Since then the discussion has been about what had happened. Elliott and Dillon made contact but what had happened has been debated about. Many people were up in arms about how the race ended and felt that Dillon was dumped by Elliott and that Elliott was wrong in what he did. Others felt Elliott had position and Dillon came down.
Dillon wasn't happy with Elliott either. He was very unpleased with what occurred and went up to Elliott after the race and questioned the move. The race teams of both drivers even got into a pit road altercation at the end of the race although it didn't last long. It was a wild scene in Canada and it brought me back to a sunny day in June 1991 in Sonoma, California when two drivers had a similar altercation and NASCAR took actions into their own hands.
On that particular day Ricky Rudd and Davey Allison found themselves in a battle in the closing laps of the 1991 Banquet 300. The two drivers inherited the lead after Tommy Kendall and Mark Martin go together with four laps to go. Kendall was leading when he and Martin made contact in corner number seven, sending Martin into a hard spin. Kendall remained in the lead but was chased down by both Allison and Rudd after suffering from a flat tire from the incident.

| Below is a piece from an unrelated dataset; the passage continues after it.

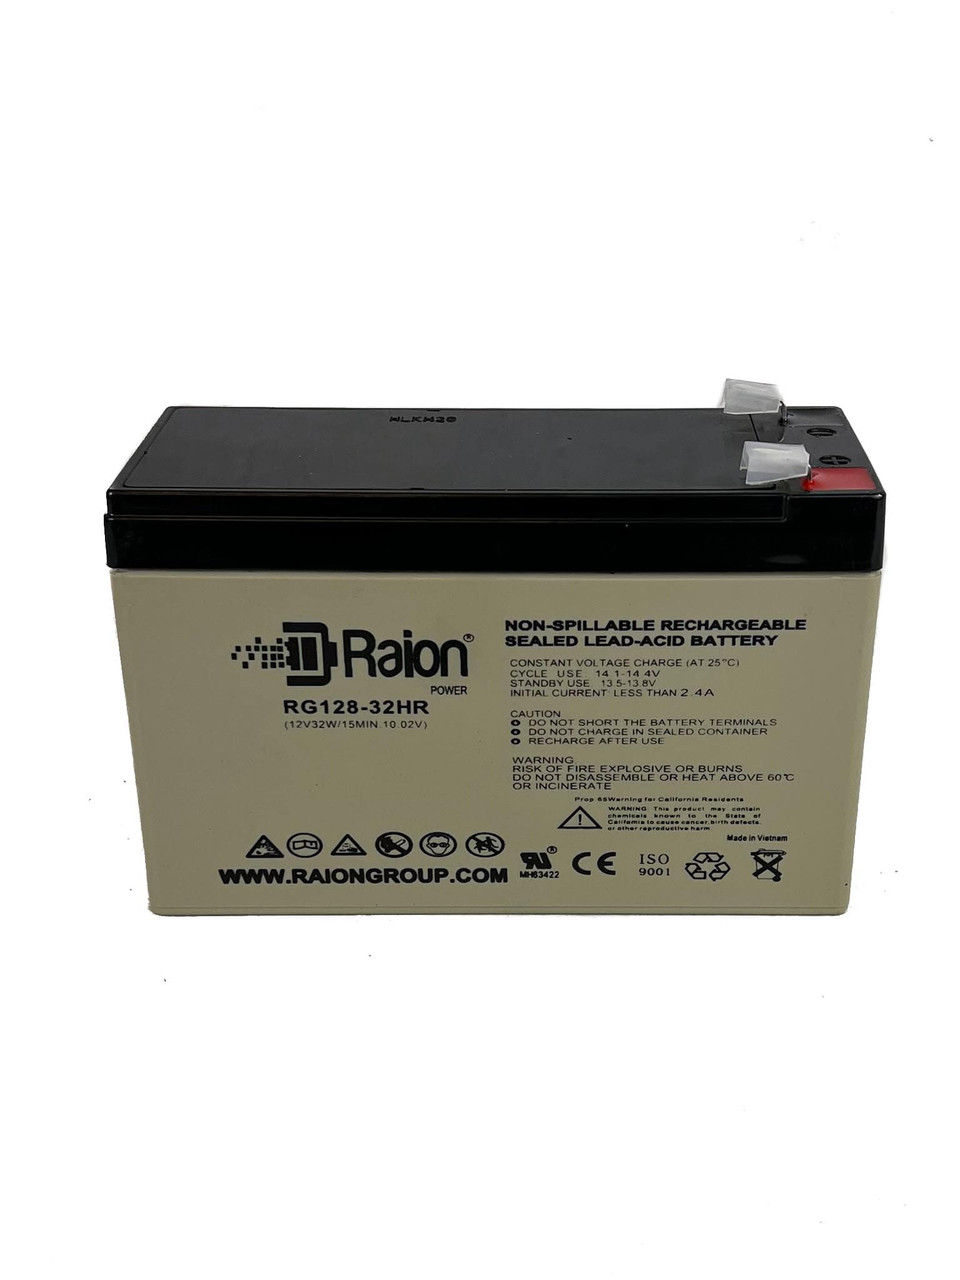 Raion Power RG128-32HR Replacement High Rate Battery Cartridge for AT&T U-Verse Broadband

That set the stage for perhaps one of the most strangest finishes in NASCAR history. Allison and Rudd pulled away from Kendall and it would be those two to determine the finish. Allison led by over three car lengths originally and had a pretty consistent lead for the next three laps. Rudd, however, wasn't to be denied.
Back in the early 1990's Unocal 76, the company that supplied the fuel for NASCAR, gave a cash bonus for any driver who won from the pole. Rudd was the pole sitter and was due to make an extra $45,600 if he could find his way into victory lane. Add that with the fact that Rudd was second in the points standings and a win for Rudd could really go a long way.

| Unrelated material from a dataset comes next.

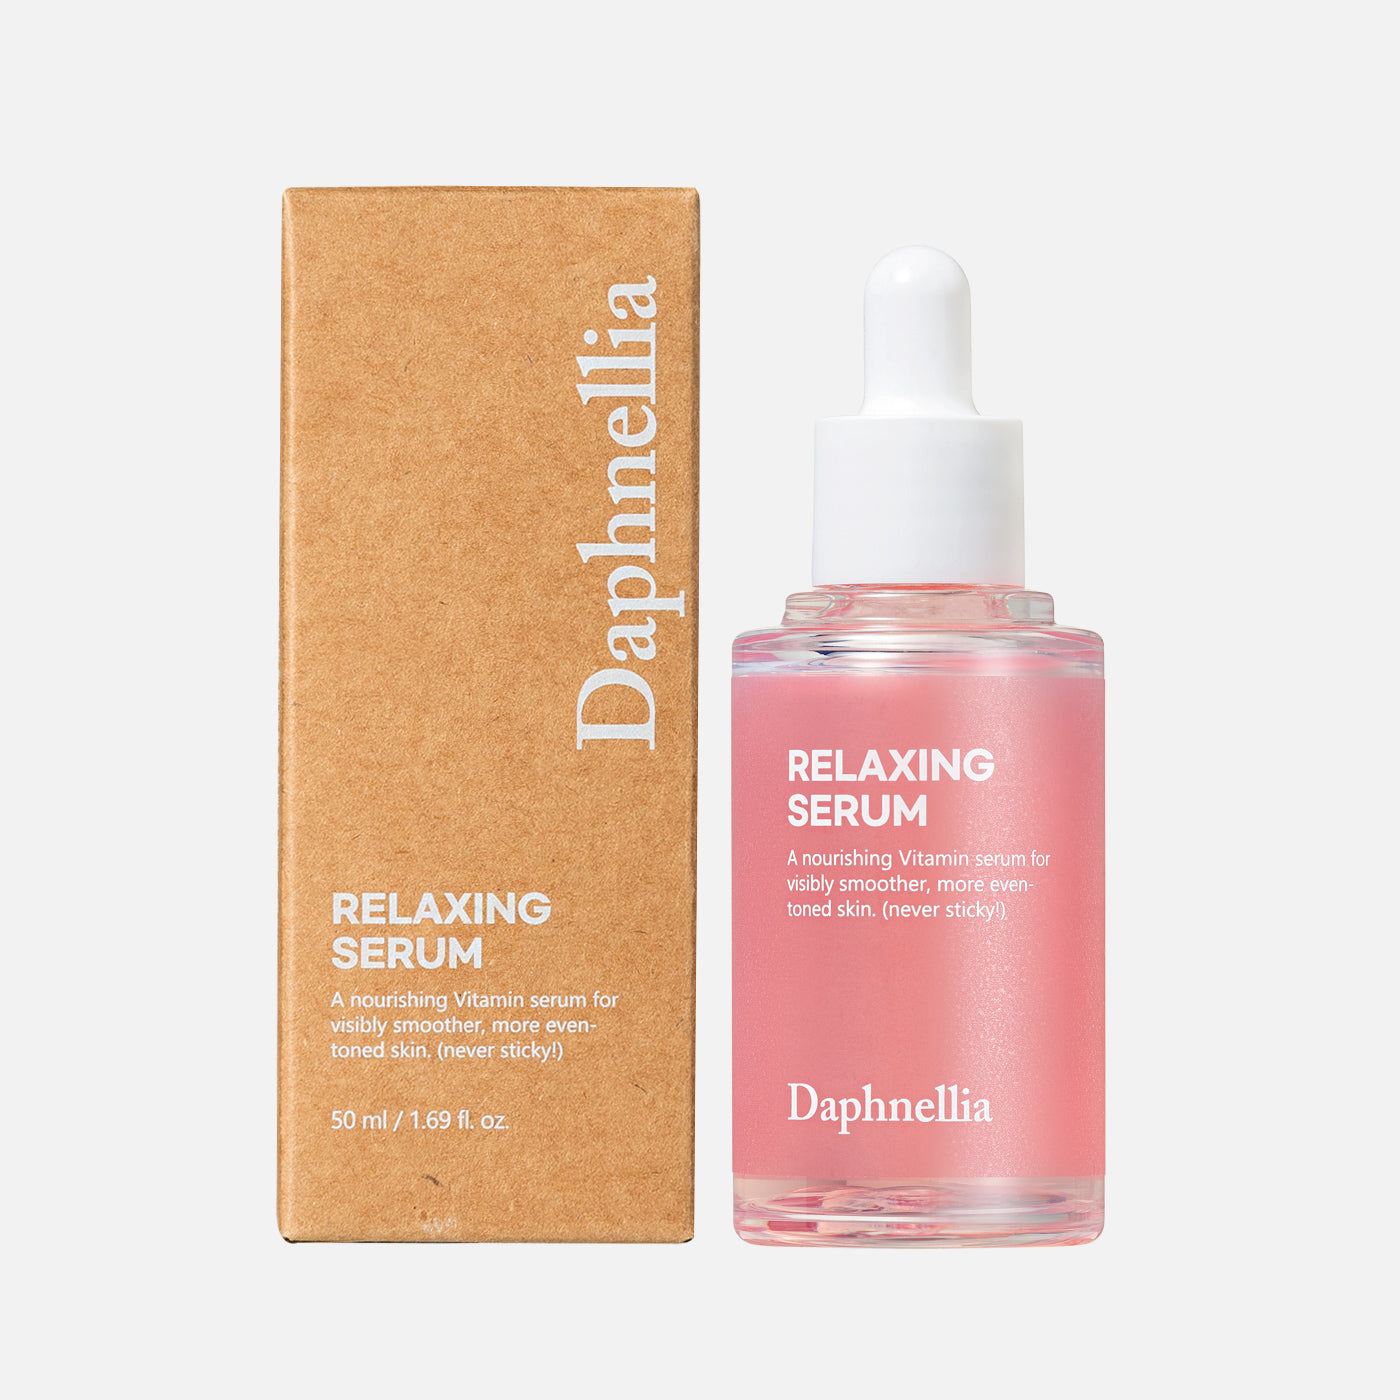 DAPHNELLIA Relaxing Serum on sales on our Website !

As the leaders were coming to the white flag, Allison came up on the lap car of Dave Marcis. Marcis tried to get out of the way but still slowed down the #28 Robert Yates Racing Ford just enough so Rudd could catch him. As they headed into corner #11 Rudd reached the back bumper of Allison's car and the two drivers made contact, sending Allison into a spin as Rudd sped off. Rudd had reached the bumper of Allison and the only way he could have beaten Allison was to make contact and slide on by and that's exactly what he did.
It looked like Rudd was well on his way to his second victory of the 1991 season and the 13th of his NASCAR Winston Cup Series career. Just as fans were catching their breaths from the incident a NASCAR official walked over to the Ricky Rudd pits and began talking to his crew chief Waddell Wilson. Wilson became visibly upset in Rudd's pit while Davey Allison's crew stewed in his pit.
Rudd came off of turn #11 as the leader of the race and received the checkered and the black flag as NASCAR has apparently penalized Rudd for the incident with Allison. Allison, meanwhile, held his hand out the window and took the checkered flag as he was credited with the victory in a move that NASCAR had never done before. They had taken the win away from a driver who had crossed the finish line first.
Chaos ensued. Rudd's team was going nuts throwing their arms up and wailing not understanding the ruling. Allison's pit was confused but Allison pulled right into victory lane and was declared the winner. Allison had won and Rudd was given a one second penalty and finished in the second position. It was Allison's only win at Sonoma and the tenth of his Winston Cup career.
The last lap contact between Rudd and Allison has been debated for years. Some say Allison gave Rudd a little too much room on the inside and Rudd tried to get his nose underneath him and when Allison came down they made contact. Others flat out say that Rudd flat out dumped Davey Allison and he deserved the penalty.
Whatever side of the fence you were on that day in Sonoma, California you can't help but think about the similarities between that afternoon and Sunday's finish in at Canadian Tire Motorsports Park in Canada. You can bet 20 years from now people will still be debating who was right and who was wrong, just like they still do about the finish of the 1991 Banquet 300 at Sonoma.